The recent spate of strikes by fast food workers and their colleagues at Walmart has been analyzed by economists, employment experts, human right organizations and a host of other organizations who are trying to pin down the reasons as to why the workers are striking so often – whatever the, hard to decipher technical jargon and fancy idiom reveal, the bottom line is that they are not paid enough and the wages they earn is not enough to put food on the table.
Those who joined the strike across New York City, may not even have met one another or even know one another but their lives are interconnected, inasmuch as they all are likely to be earning just about $7 an hour and what is worse and saddening is that they are all dependant on food stamps to survive – and that all of them did something, perhaps for the first time in their lives, decided to speak out, casting out fear of retaliation that was holding them back in the first place.
Employers, especially fast-food joints are notorious for squeezing as much as possible from their workers and not paying them enough, simply because supply exceeds demand and they have an excuse that owing to the sluggish economy they have to cut down on their expenses – faced with the threat of layoffs, workers subject themselves to such blatant exploitation and plod on – until now.
Labor unions, on the wane owing to dwindling membership, were quick to seize the moment and latch on to the new found opportunity telling the vulnerable workers that getting organized under them would help in increasing their wages and that they would get better working conditions for them.
The one thing that the existing acrimony between the employers and the workers accentuates is that the workers are unable to meet their and their family’s basic needs on the meager salaries that they get and the nation faces a simple unambiguous choice:
Either such an economy is created in which workers can earn passably enough to put food on their tables and provide for other basic needs or the government increases it own resources and takes them under their wings and subsidizes their lives, for it is obvious that on their own they cannot survive – the sad thing is the we as a nation are doing neither.

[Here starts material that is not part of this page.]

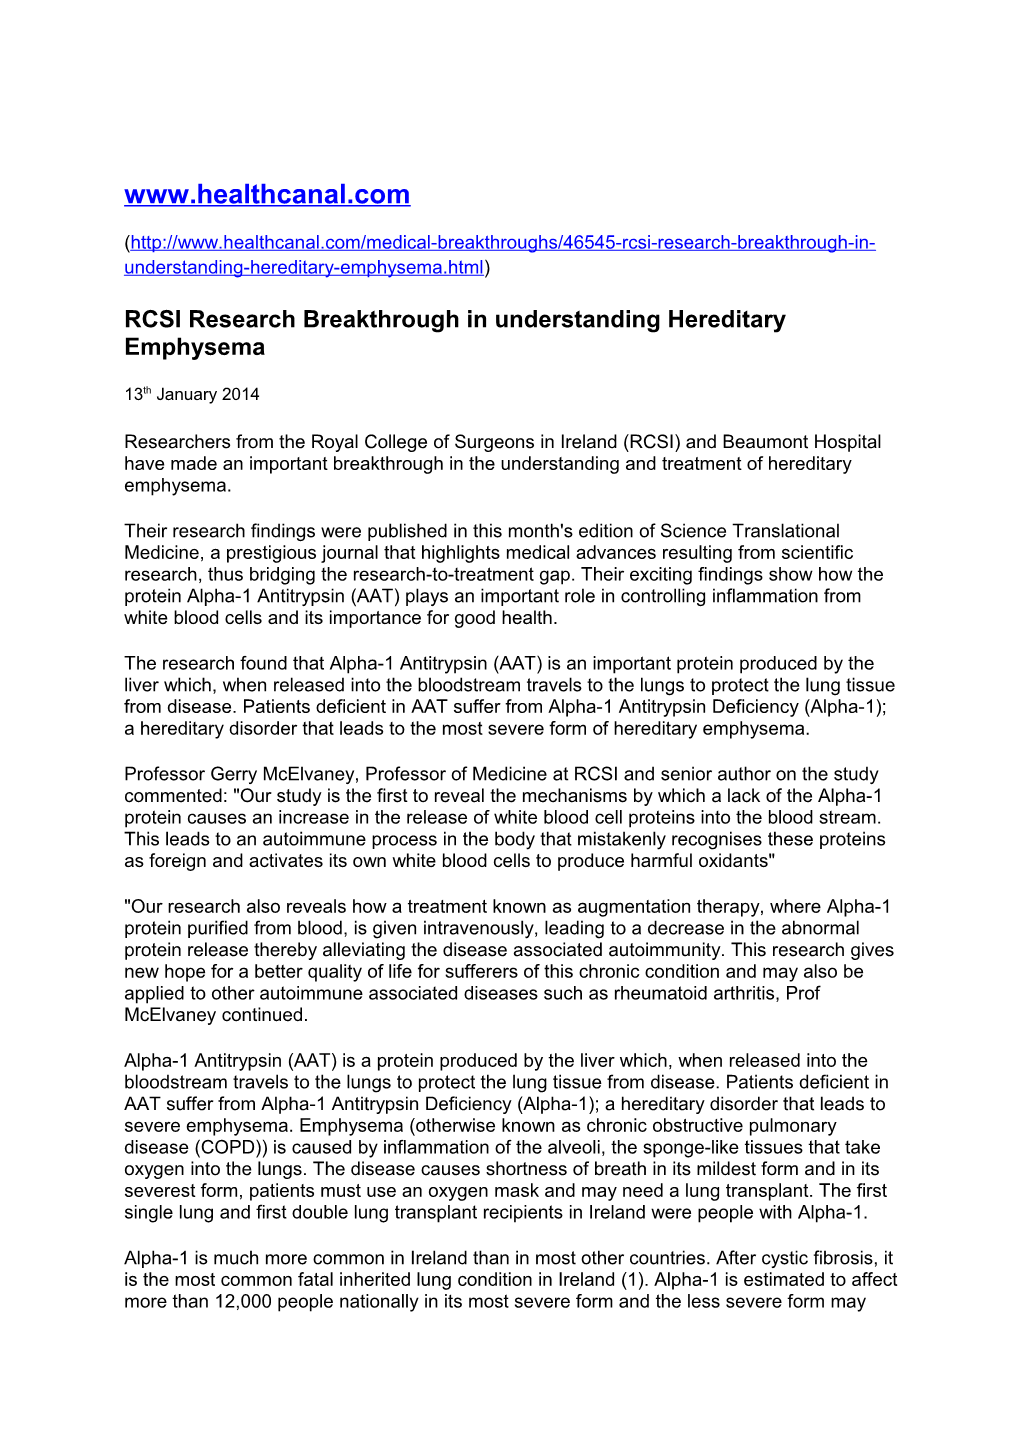 RCSI Research Breakthrough in Understanding Hereditary Emphysema
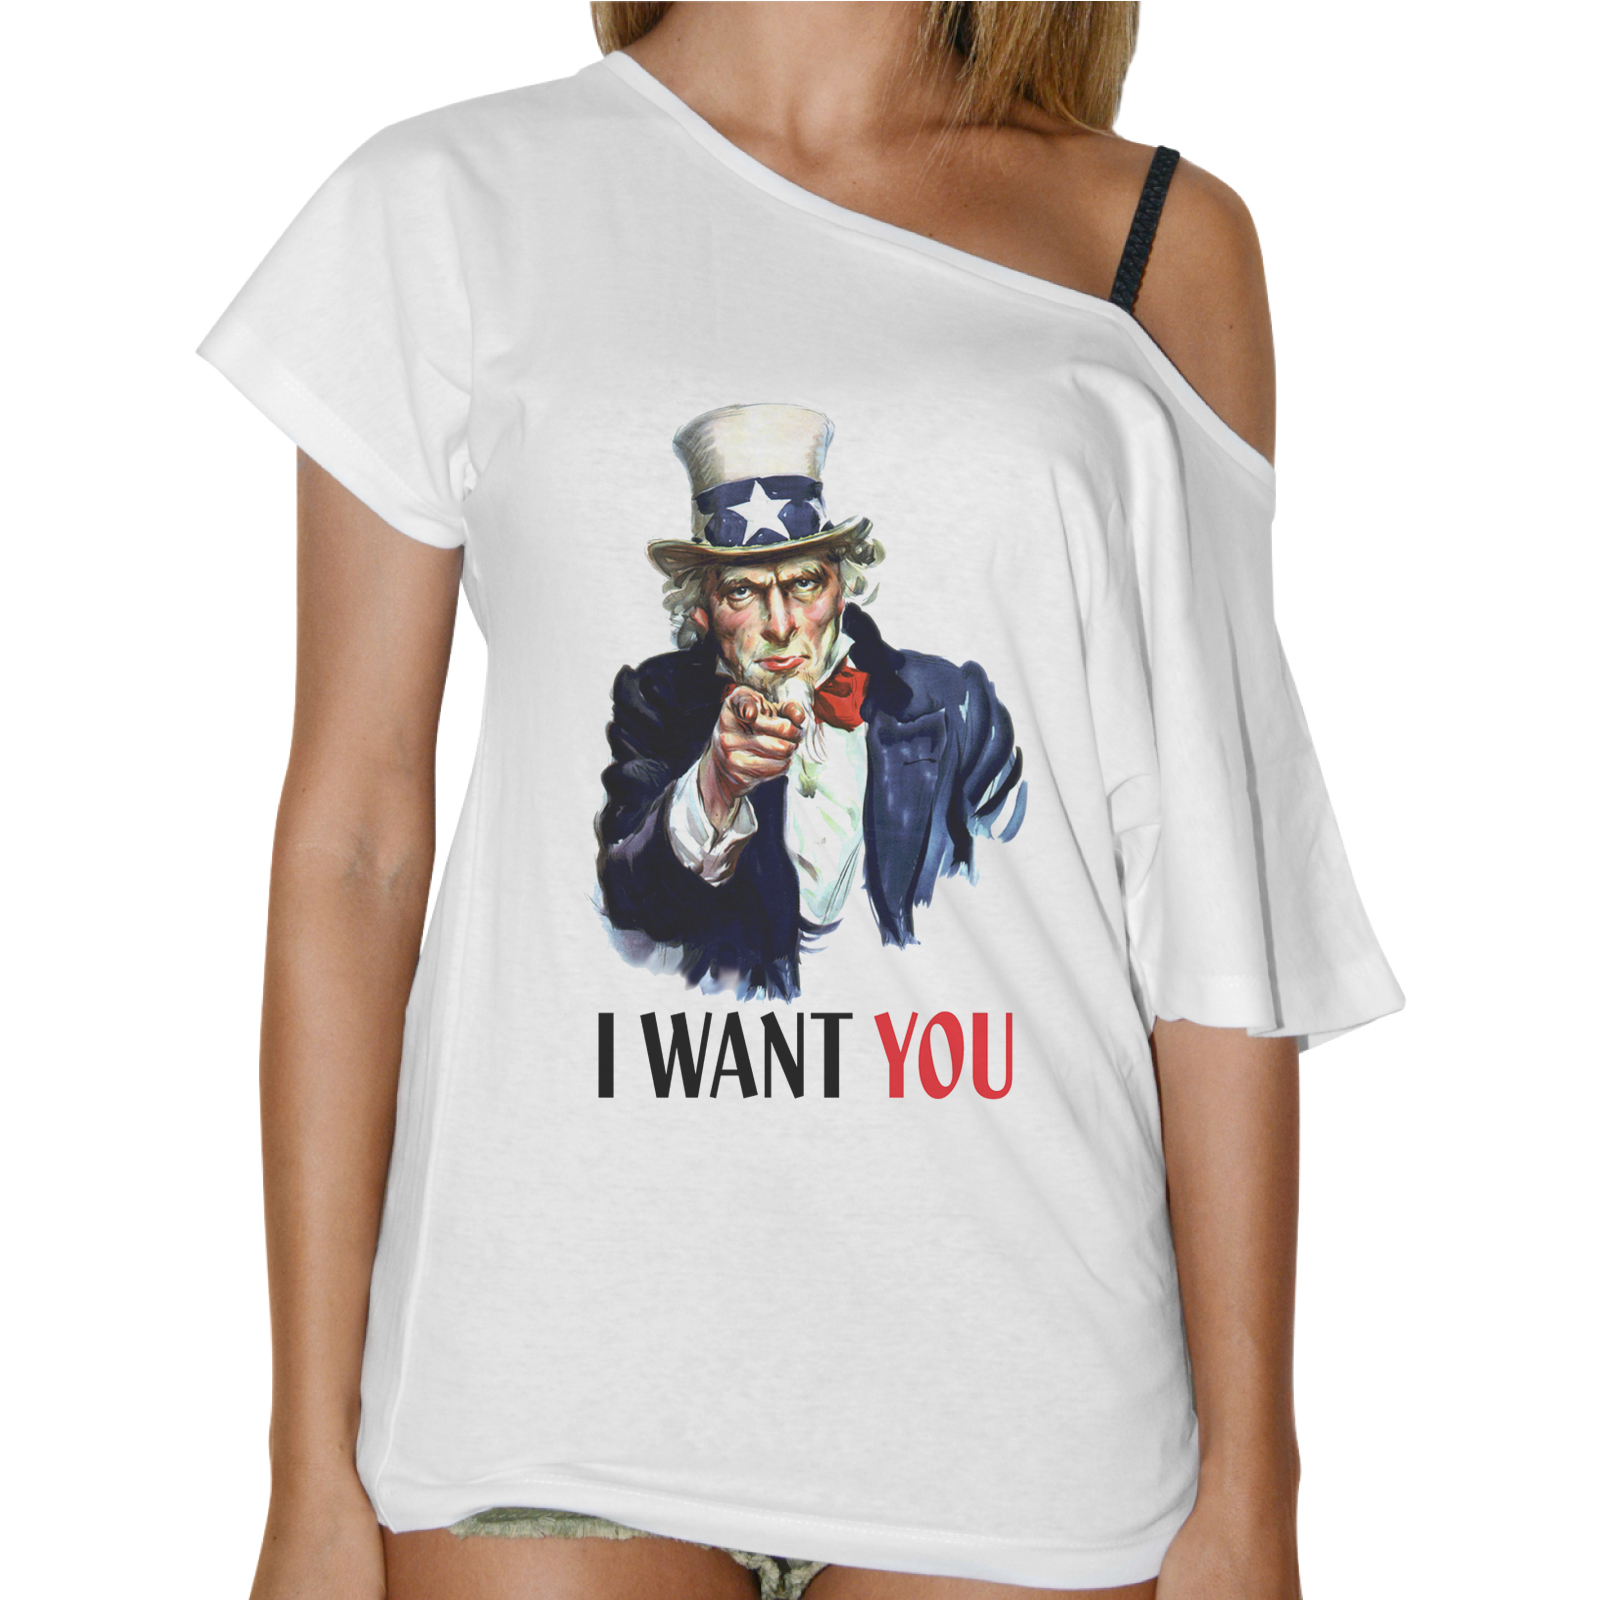 T-Shirt Donna Collo Barca I WANT YOU

When someone goes to say a McDonald outlet and bites into a luscious hamburger, little does he realize that the hands that made it, belong to those who are amongst the lowest paid in the country.
If he manages to find full time work, which is exceedingly unlikely, a fast-food worker could earn around $18,000 a year, barely enough to keep his family of a spouse and single child, just above the poverty line.
There are upwards of 2 million people working in fast-food joints and a study by the Economic Policy Institute has revealed that 75 percent of them live in poverty and that most of them are not members of a union, nor have they ever contemplated becoming members of a union.
Fast-food owners and their supporters argue that the criticism against them is misplaced. They are actually doing a great service to the people by providing jobs to people with little or no education and whose fluency in English is edgy. Would it not be better, they argue, if instead of asking them to increase the wages, to provide them opportunities for education and let them learn their way up the employment ladder.
However, they are overlooking the fact that such jobs are not just fill-in-the-blanks jobs. They are the jobs for the future of the country’s economy. Most other jobs have been lost to automation, have been shipped outside are being done within the country by H1B Visa holders from outside the country – the American labor market has been hollowing out. However, service oriented jobs cannot be done by machines or be outsourced – they cannot be allowed to be exploited.
If the employers cannot be persuaded to take on the moral responsibility, the government must take the accountability, and if the tax-payers have to pick up the tab – so be it.